Bisnis.com, JAKARTA — Angka ketenagakerjaan dan kenaikan upah yang kuat menjadi sinyal positif bagi perekonomian Amerika Serikat. Kendati demikian, ekonom dan pemimpin dunia usaha masih meyakini AS tidak akan bisa menghindari resesi.
Kementerian Ketenagakerjaan Amerika Serikat menyebutkan terdapat kenaikan 390.000 orang pada Mei dari kalangan nonfarm payroll, yakni yang tidak termasuk sektor pertanian, pemerintahan, rumah tangga, dan lembaga nonprofit.
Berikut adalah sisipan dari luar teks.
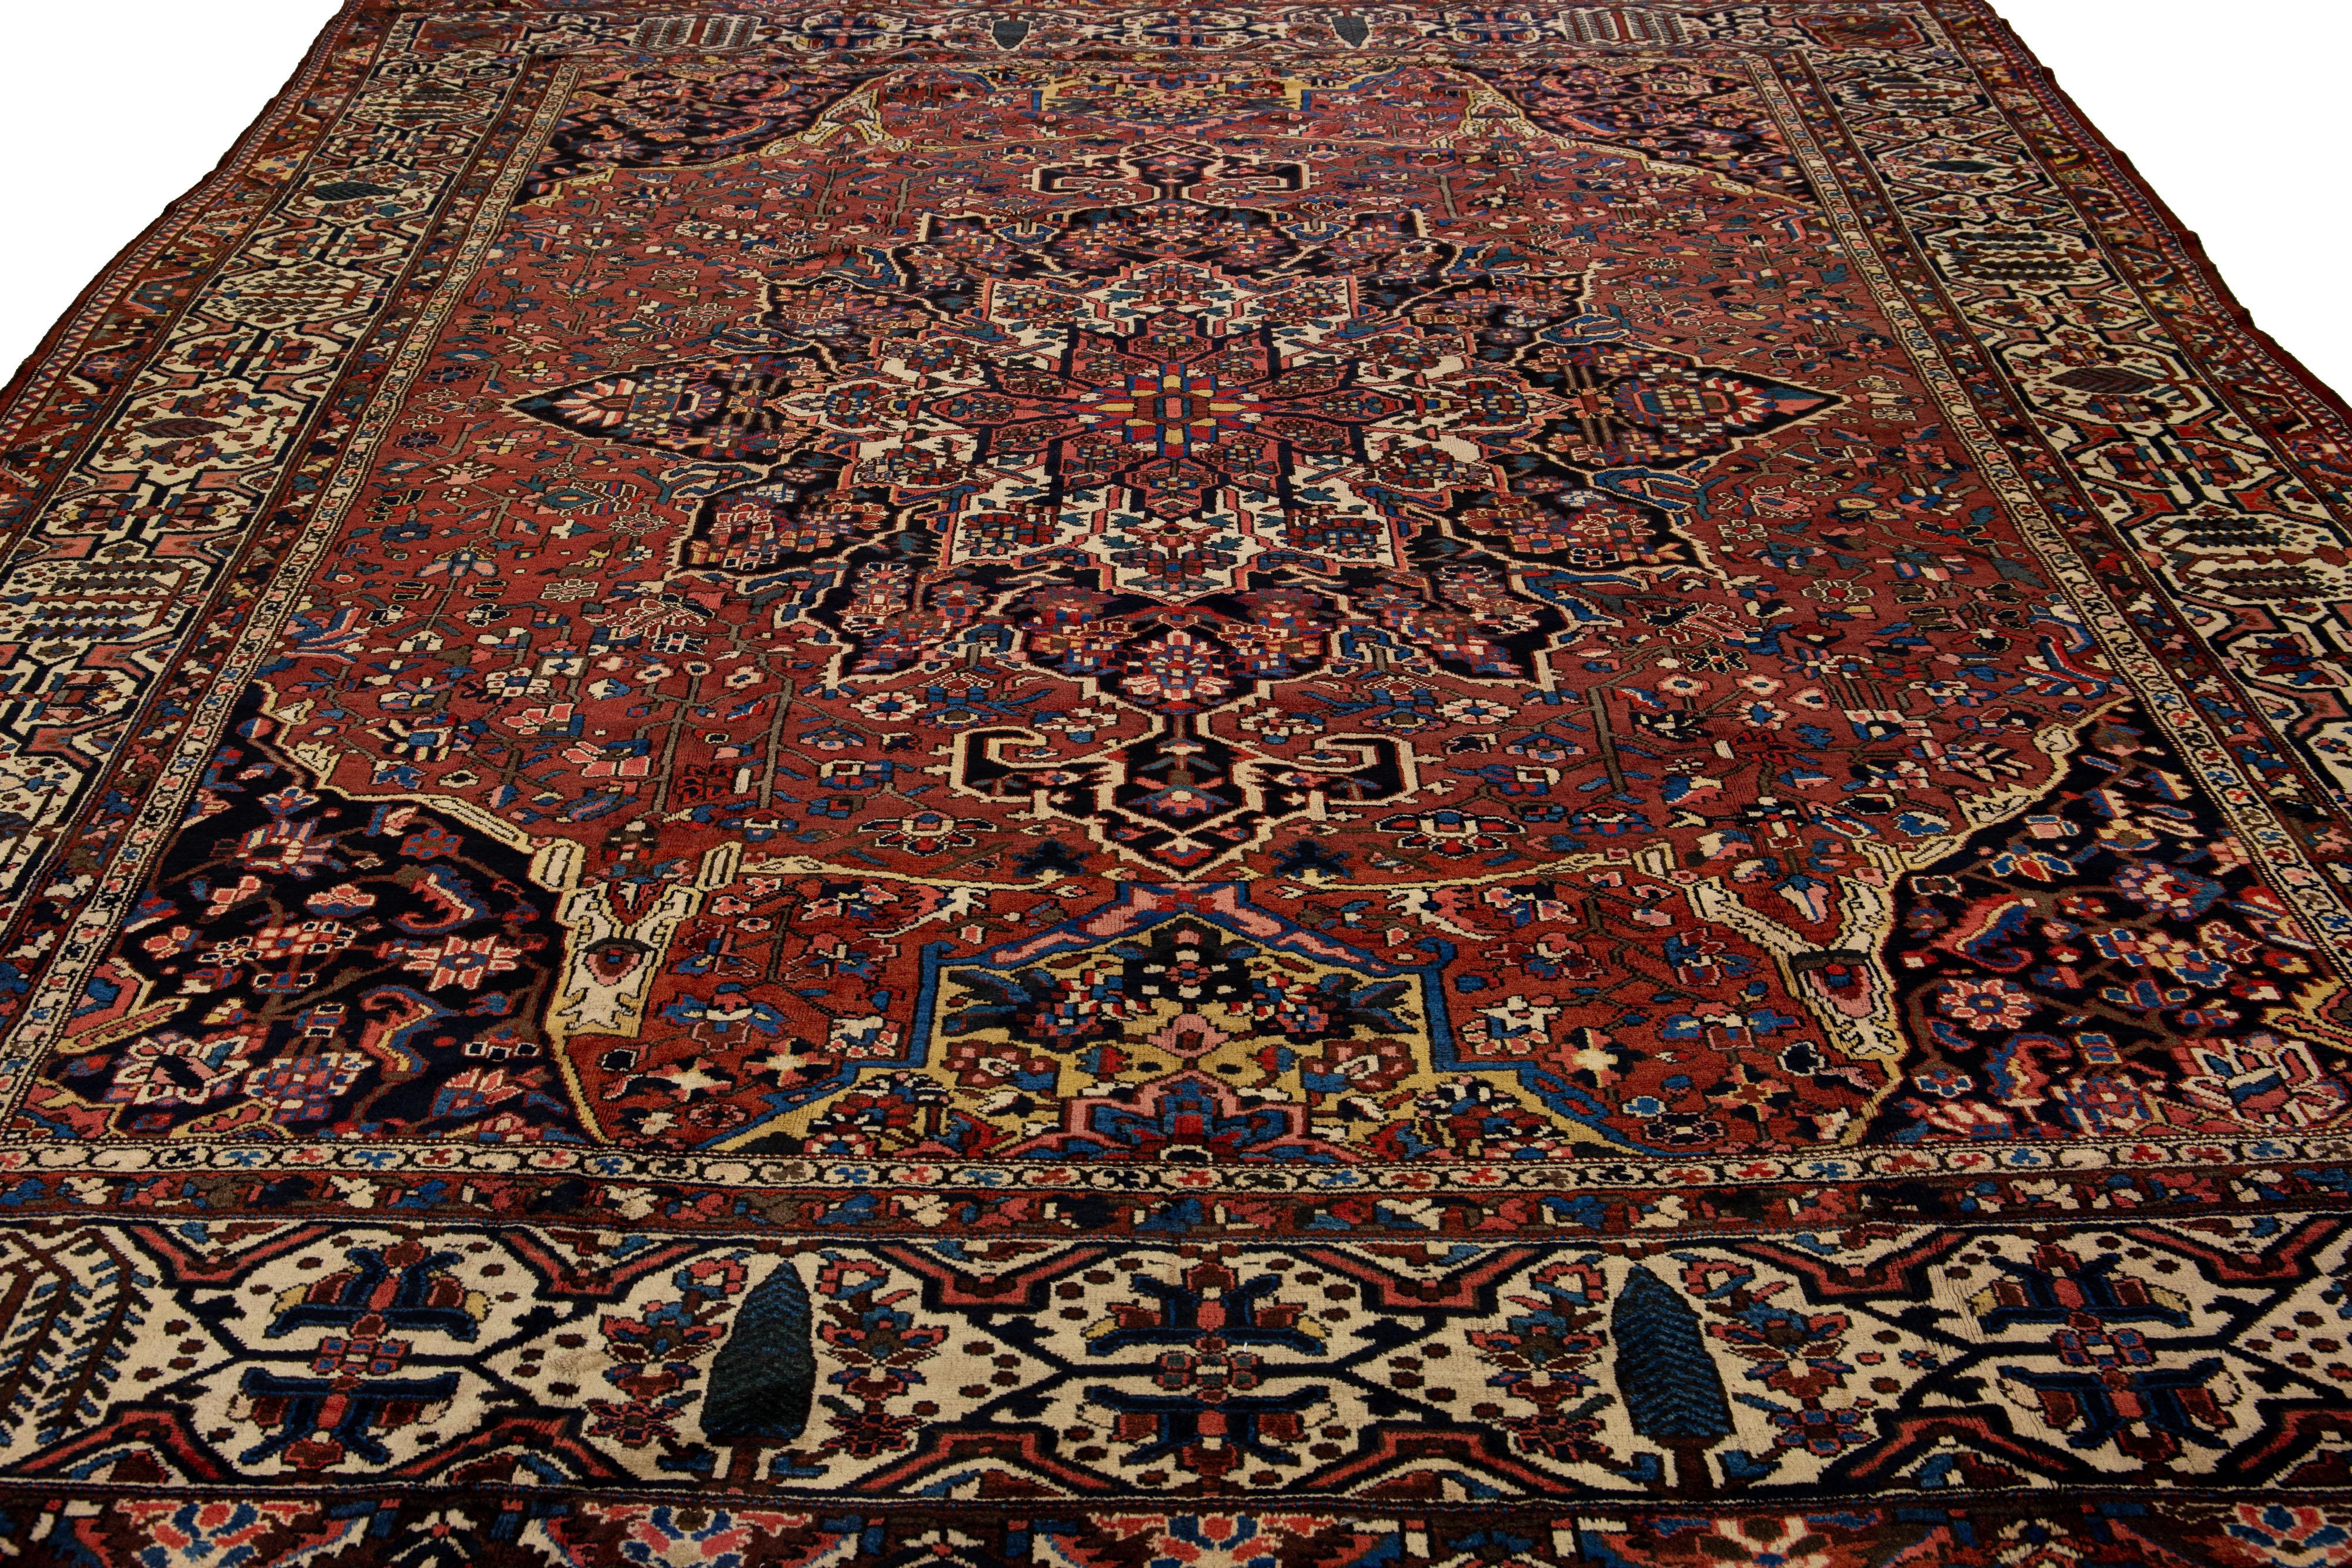 Beautiful Antique Bakhtiari hand-knotted wool rug with a red burgundy field. This Persian piece has an all-over multicolor accent in a gorgeous classic Medallion motif.

This rug measures 12'5

Tingkat pengangguran mencapai 3,6 persen, tepat di atas level terendah sejak Desember 1969.
Angka tersebut lebih baik dari survei Bloomberg yang mencapai 318.000 tambahan tenaga kerja, meski tingkat pengangguran diperkirakan turun menjadi 3,5 persen.
Capaian tersebut memberikan sinyal jaminan yang lebih besar bahwa perekonomian bisa berjalan lebih baik setelah kenaikan upah moderat setelah melaju lebih cepat sepanjang 2021.
Kendati demikian, sejumlah ekonom masih khawatir dengan kemunculan resesi seiring dengan pertumbuhan ekonomi yang melambat. Apalagi, Federal Reserve atau The Fed akan melanjutkan kenaikan suku bunga pada tahun depan dan inflasi masih belum mereda.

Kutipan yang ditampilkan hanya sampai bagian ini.